I don't think he was a dog owner :
And I didn't admonish the dog as it was too late and he would have thought I was telling him off for standing next to me!!


----------



## doglover (Aug 4, 2009)

Don't sweat it! Why in the heck would you have your kids eat breakfast at the park and what else would you expect from any dog? Some people are just slightly crazy and you have to just let it go in one ear and out the other. Don't let it wreck your day!


----------



## gunnr (Aug 14, 2009)

So,uhh.................. What did Oscar nick for breakfast?


----------



## DragonTheRevolutionary (Feb 15, 2009)

some people are just plain rude, i know i work at a grocery store, even if its 100% not your fault some people just want to be asses, don't worry, if i was the kid i would have been stoked to have a vizsla come and eat my food, **** Lili does it to me, i'm just sitting there and she just climbs up and eats my sandwich, and i crack up laughing


----------



## Ro-Ro (Aug 30, 2009)

If I was that parent I would have cracked up laughing. This guy sounds like he needs to chill.


----------



## madaboutvizslas (Nov 12, 2008)

There are a lot of people out there that get upset about dogs. I try to keep mine under control when out and about but at the end of the day eventually someone is going to get upset. I don't think there was anything more you could have done.

They can be sneaky little devils sometimes.
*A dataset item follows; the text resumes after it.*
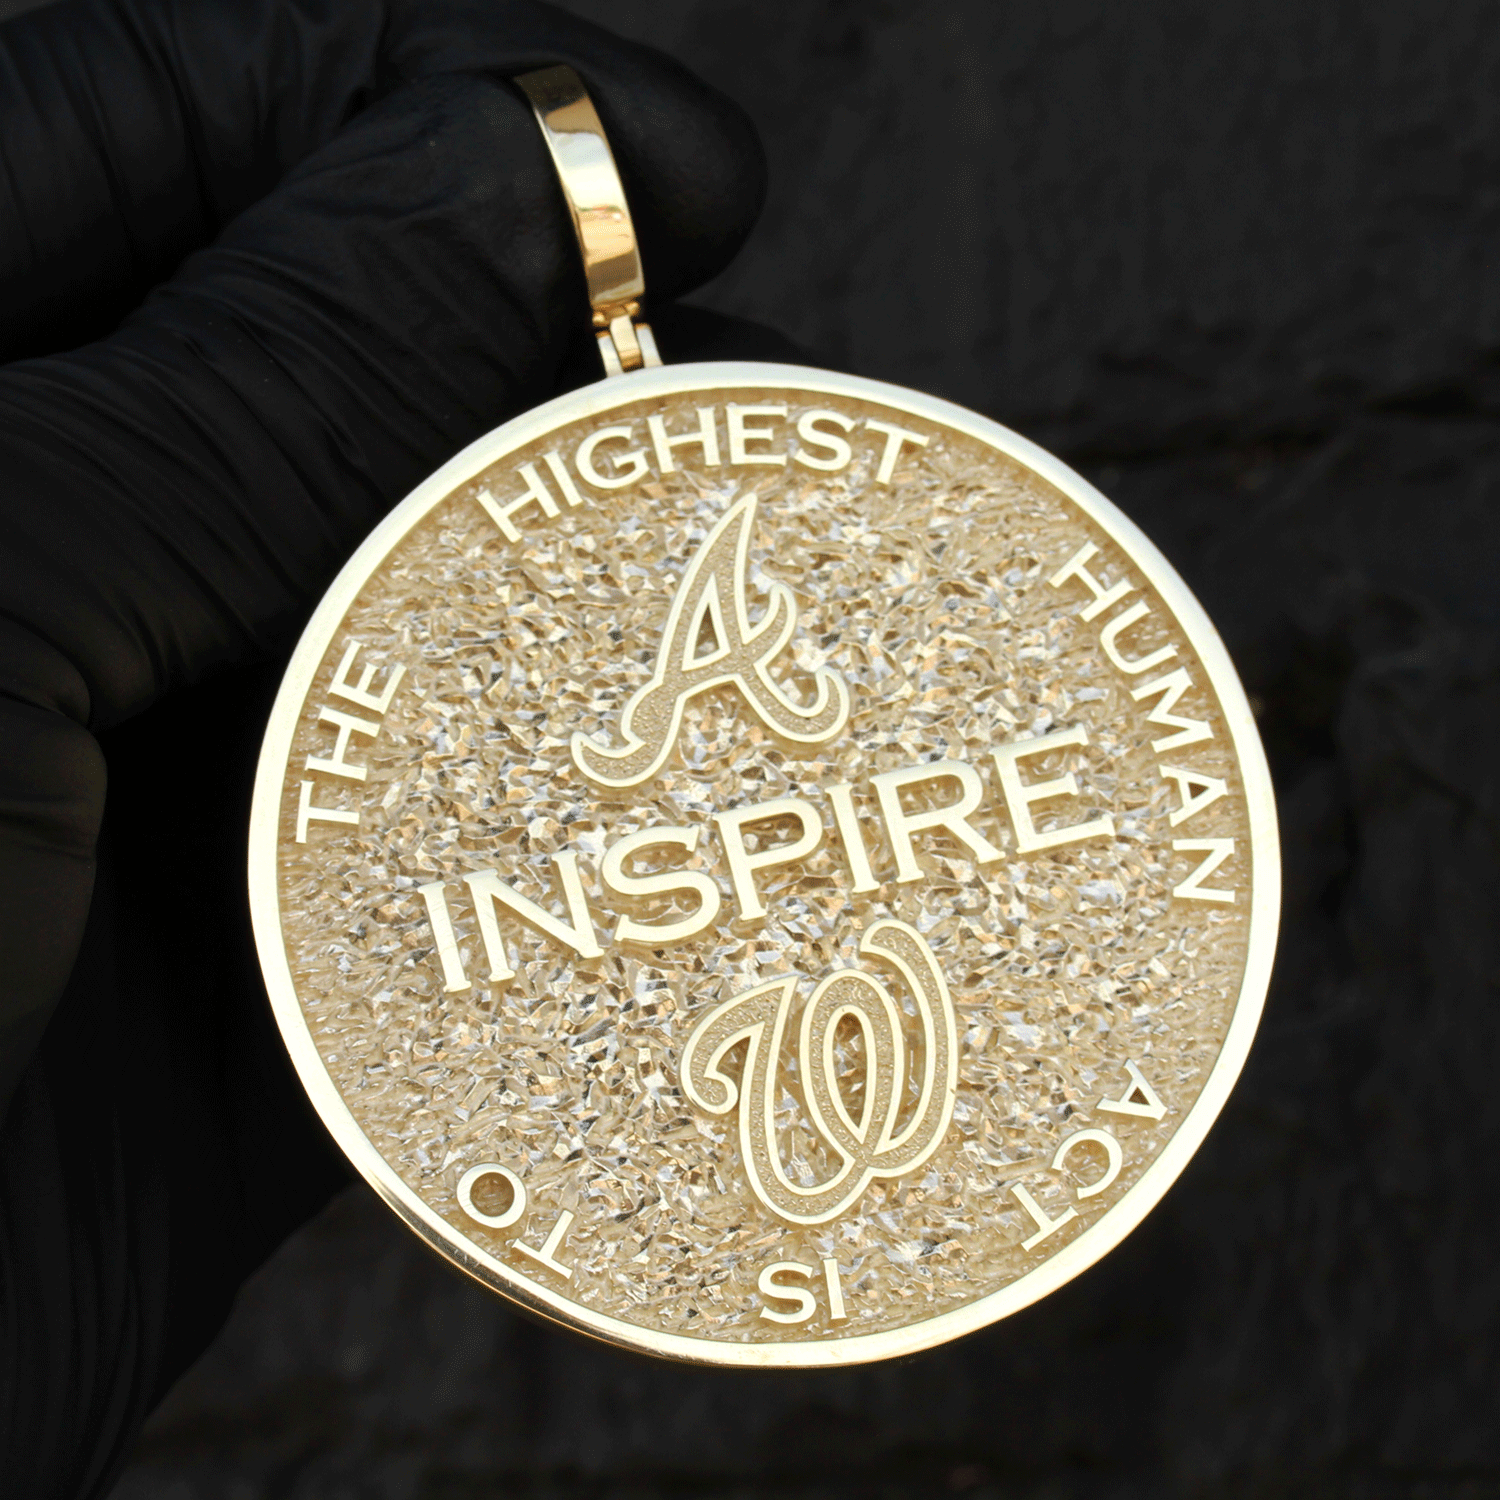 Custom Design Deposit - "The Highest Human Act Is To Inspire" Frosted Pendant

You have to watch them like they are toddlers.


----------



## jas (Mar 31, 2009)

I know, I'm learning. Though I'm going to try a bit more dteadiness training with him from now. Gunnr, the own never told me what the breakfast was but from the way Oscar was licking his chops it was very nice and tasty!!!


----------



## scooby (Mar 23, 2009)

What's to say the child didn't offer the 'breakfast' to the dog, I know my kids would have and i'm afraid I pobably wouldn't have been as restained as you were before mentioning ' breakfast and parks' don't go together.


----------